Also, solo you can just pick up and go- No need to match schedules or make plans way in advance. Plans can change in a heartbeat and so it's nice to have the option of doing whatever you have to do.

...but time sure does go by faster with a partner.


That's a great article, btw... reminds me of why I get out there and makes me want to get out now and not come back for a while.


----------



## pedxing (Jun 29, 2005)

In the warmer months, I really love solo backpacking (although on trails its not really 100% solo).  The pace is entirely up to me and I can do a death march one day and swim most of the next day.

I'm not sure how tolerant I'm going to be about partners on long trips now that I've axquired a taste for solo.


----------



## sp1936 (Jun 30, 2005)

I like solo backpacking, and will be doing a solo trip in the Pemi next week. I worry more about forgetting to bring essential gear when I'm alone. I always use a checklist when packing.

Of course, in the Whites in summer, you're never truly alone.

Steve


----------



## SilentCal (Jun 30, 2005)

Solo is great.  It's the perfect way to mellow your brainwaves.   Your responsible for yourself and can hike at whatever pace you want.  You can linger at the summits and just take it all in.   In the Whites you really never are solo though if you stick to the trails.  For true isolation,  you need to go off trail and find a little nook to yourself.


----------



## billski (Jul 8, 2005)

*Solo*

I'm too spontaneous and everyone else who runs in my circle is too "scheduled"


----------



## madman (Jul 9, 2005)

I for one dont enjoy solo. I get bored! I used to solo once in a while but that was when i could get out more often and only had week days off. Now I only get out a couple times a year [Backpacking]and I like to party a bit at nite. Mr Boston is good company but he dont say much. If I need to clear my head a couple hrs with the dog ,walking in the woods does the trick.


----------



## MichaelJ (Jul 10, 2005)

Solo is a fantastic way to get away and really unwind and relax. No stress, no worries, no thinking about anybody but yourself.

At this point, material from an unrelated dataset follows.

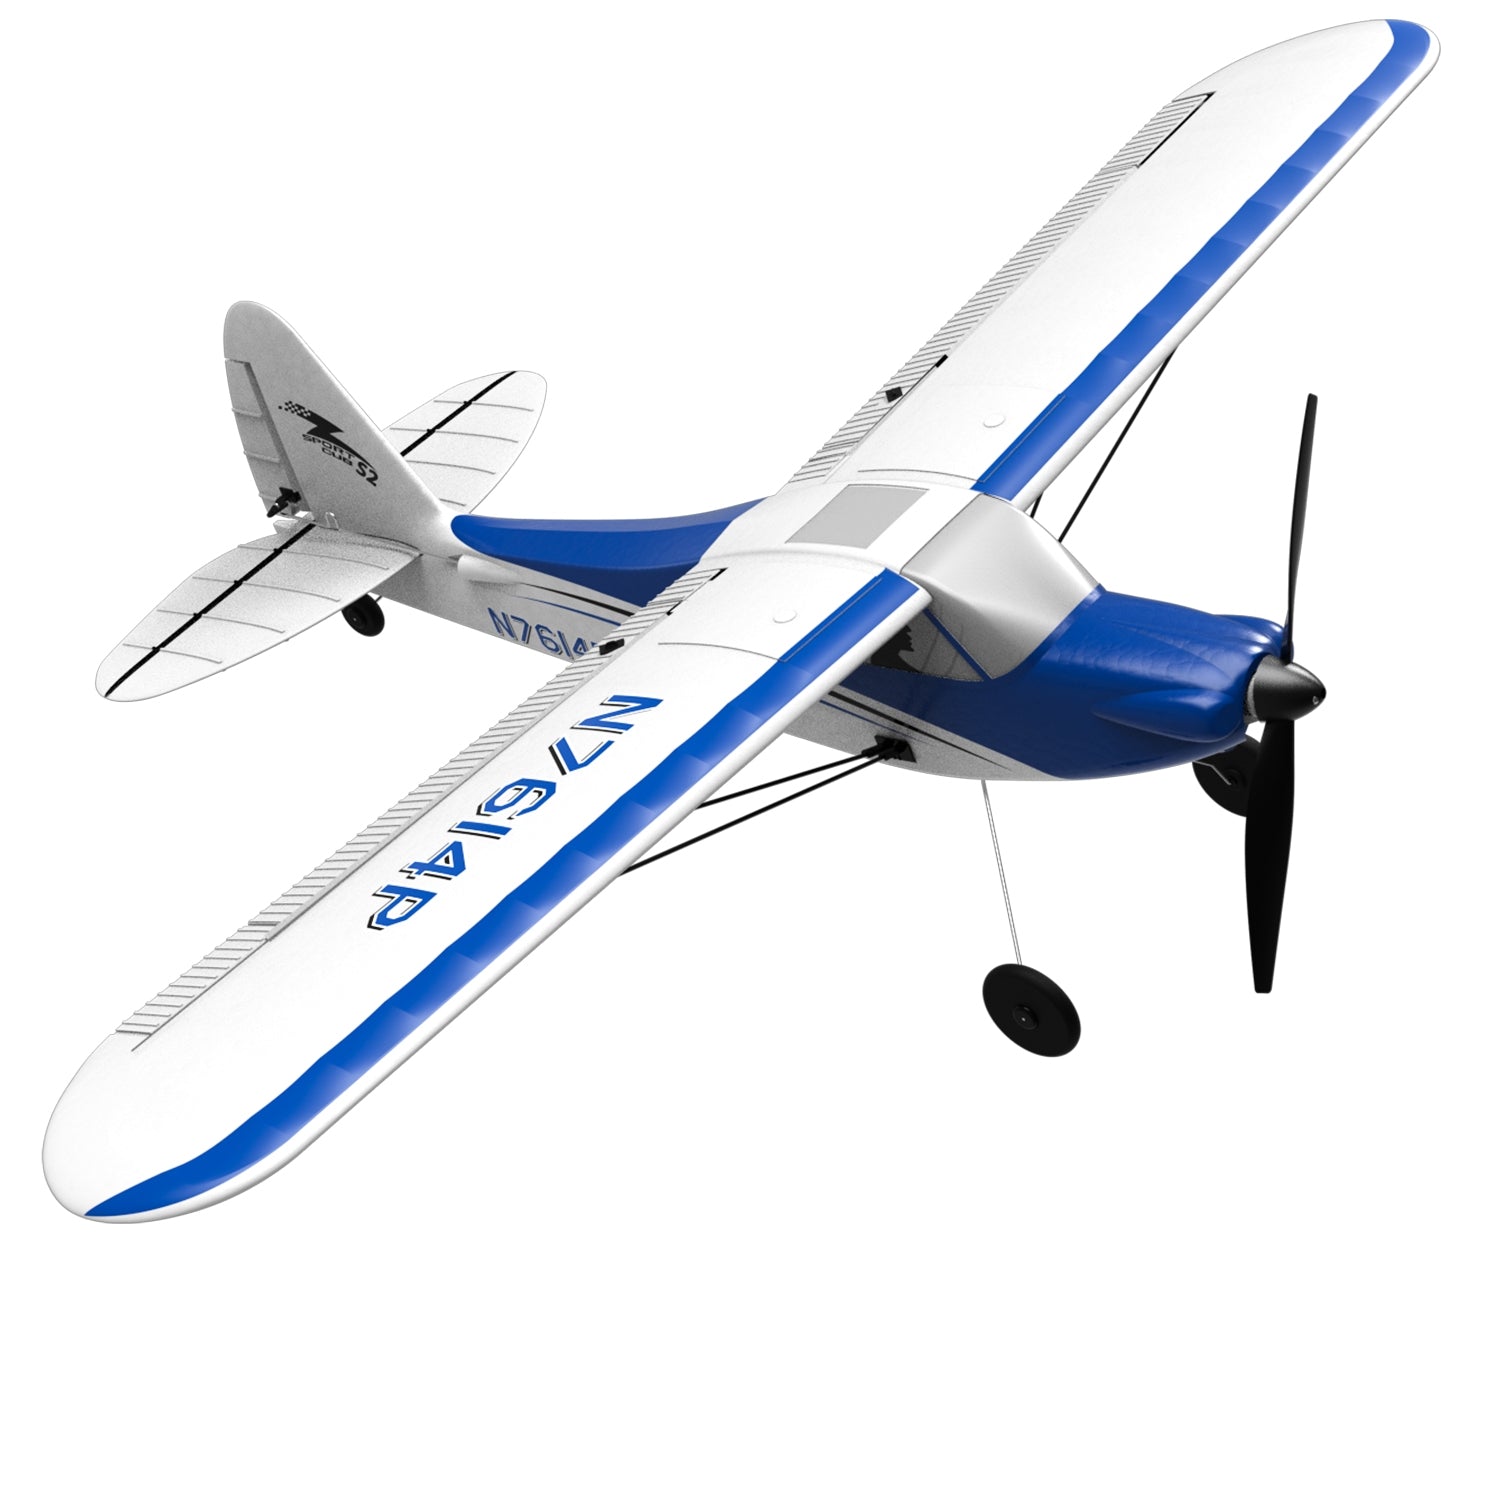 VOLANTEXRC Sport Cub 500 4Ch RC Trainer Airplane con 6-Axis Gyro One-key Aerobatic Park flyer (761-4) RTF Blue

That said, while I've done plenty of solo backpacking and probably will again, I prefer having one or a few people with me because it pushes me. Sometimes my own pace is a bit lazy and I'm too tempted to stop too often. While that's not a bad thing, one of the reasons I hike is for the personal challenge, and having a group around really gives me more of a challenge.


----------



## twigeater (Jul 17, 2005)

I love solo backpacking.
Get to do my own thing on my own time, in my own way.

Plus, not all who play outdoors have the same reasons for being out there...


----------